Introduction
Explanation is a powerful strategy for promoting conceptual understanding. However, students struggle to produce high-quality explanations without feedback. Instructors can scaffold this process, but the realities of high-enrollment courses make offering explanation activities and feedback challenging. Generative AI presents a promising path for scale but introduces its own set of barriers. On one hand, generative AI-based chatbots can foster active engagement and personalized support. On the other hand, casual use may yield cognitive disengagement in which students let the bot “do the thinking for them”. With this in mind, this work applies learning engineering to explore generative AI–supported explanation tasks in an introductory biology course.
Within this broader learning engineering effort, we employed the Design Implementation Framework (DIF; McCarthy et al., 2020) as a nested cycle (Craig et al., 2025). DIF includes five stages: defining and evaluating the problem, ideation, user experience/design, experimental evaluation, and implementation and feedback. Although similar to other frameworks, DIF emphasizes experimentation and co-design, which align with learning engineering’s focus on human-centered design (Thai et al., 2023). This project reflects a partnership across a learning sciences lab, biology instructor and the university Center for Excellence in Teaching, Learning and Online Education (CETLOE).
Explanation activities were developed and implemented in two sections of introductory biology for non-majors. Courses met in-person, but the explanation activities were conducted asynchronously as homework.
Following DIF, we first defined the problem of using generative AI to support explanation strategies in large-enrollment courses and ideated solutions guided by the ICAP framework (Chi & Wylie, 2014) to promote constructive and interactive engagement. Although we considered creating a fully customized chatbot, our prior experiences suggested students tend to default to the general ChatGPT interface. Thus, we focused on designing instructional supports to help students use ChatGPT effectively and transfer these skills to new contexts. In the user experience/design phase, we developed a ChatGPT bot that collected basic student information and exported transcripts in .json format. The bot was piloted and refined with the CETLOE support team and research assistants.
We ran an implementation in Week 2 of the semester in which students completed a learning-by-explaining activity on transfer of energy in food chains (i.e., Trophic Pyramids and the Rule of 10), with minimal guidance on writing explanations or using the bot. Usability data indicated the bot was easy to use (M = 3.51/4.0). Notably, analysis showed that 58 of 100 students did no more than paste the prompt into the bot and export bot responses without further engagement.
In parallel, we developed instructional materials. We created two short “Learning By Explaining” videos and corresponding reference documents: a 2-minute overview of effective explanation writing (control) and a 5-minute version that also described productive ChatGPT use (treatment). In Week 6, students were randomly assigned to treatment or control groups and worked with the bot to write an explanation of diffusion and osmosis. They submitted their ChatGPT transcript (.txt) and final explanation (.docx) and completed a brief survey on usability and perceived learning. This design allowed us to experimentally compare how different instructional supports affected engagement with the bot.
Results reflect the experimental implementation in Week 6. One hundred thirteen (113) students completed the activity.
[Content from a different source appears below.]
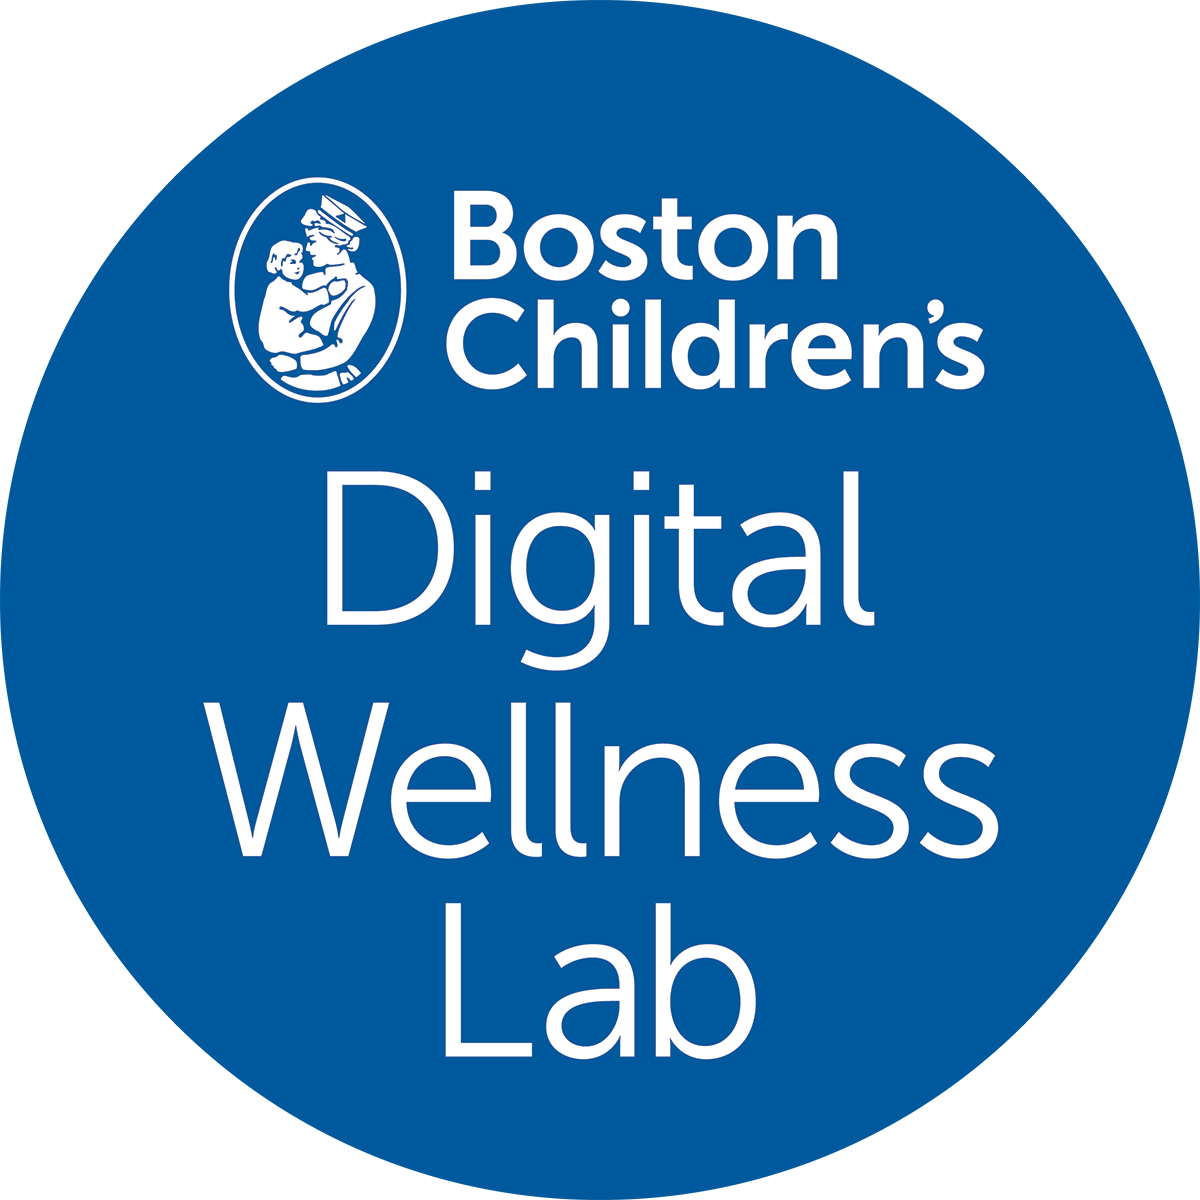 Video Games - The Digital Wellness Lab
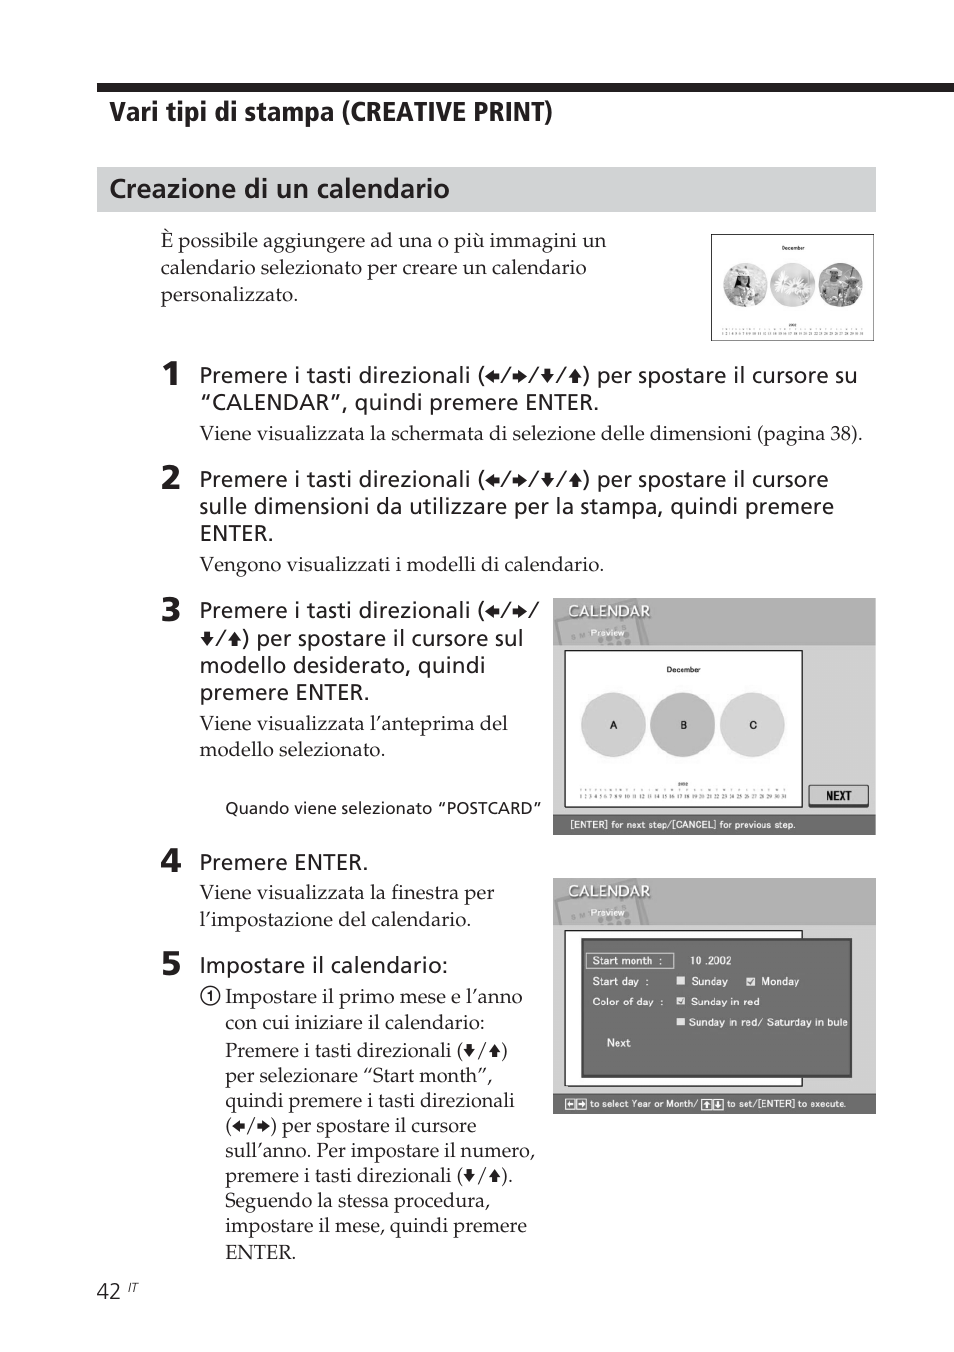 Creazione di un calendario | Sony DPP-EX5 Benutzerhandbuch | Seite 294 / 340

Table 1. Means and Standard Deviations for Transcript Features as a Function of Instruction Type | ||||
Control M (SD) | Treatment M (SD) | t-test | p | |
# of User Turns | 5.11 (2.68) | 6.42 (3.44) | 2.27 | .03 |
Total User Word Count | 130.54 (79.32) | 234.77 (183.06) | 4.02 | < .001 |
# of Questions | .94 (1.67) | 1.84 (2.71) | 2.14 | .03 |
# of Causal Words | 2.79 (1.99) | 4.30 (3.31) | 2.98 | < .001 |
Compared to the control group (n = 52), students in the treatment condition (n = 61) produced more turns and higher overall word counts, indicating sustained and active participation. They also asked more questions, suggesting a shift toward exploratory and information-seeking behavior, and used more causal language, reflecting greater engagement in reasoning and cause-effect thinking (Table 1).
Sixty one (61) students completed the post-activity survey. Students in the treatment condition (n = 29) gave an average rating of 3.68/4.00 (SD = .61) while students in the control condition (n = 32) gave an average rating of 3.49 (SD = .81). While these means are in the predicted direction, the difference failed to reach significance, t(57.33) = 1.03, p = .31.
These preliminary findings suggest that brief instruction can encourage more constructive and interactive engagement with generative AI. We are scoring the transcripts to understand how the manipulation affected student engagement with the chatbot and how this relates to explanation quality and exam performance.
This work also provided insights into refinements we can make prior to implementation in the spring. For example, given possible ceiling effects in our survey data, we plan to increase the range of the Likert scale (e.g., 7-points) to increase sensitivity. We are using data from this cycle as feedback for refinement of our spring implementation, illustrating DIF in action.
This work was funded by Georgia State University’s Center for Excellence in Teaching, Learning and Online Education (CETLOE Catalyst 2025-2026).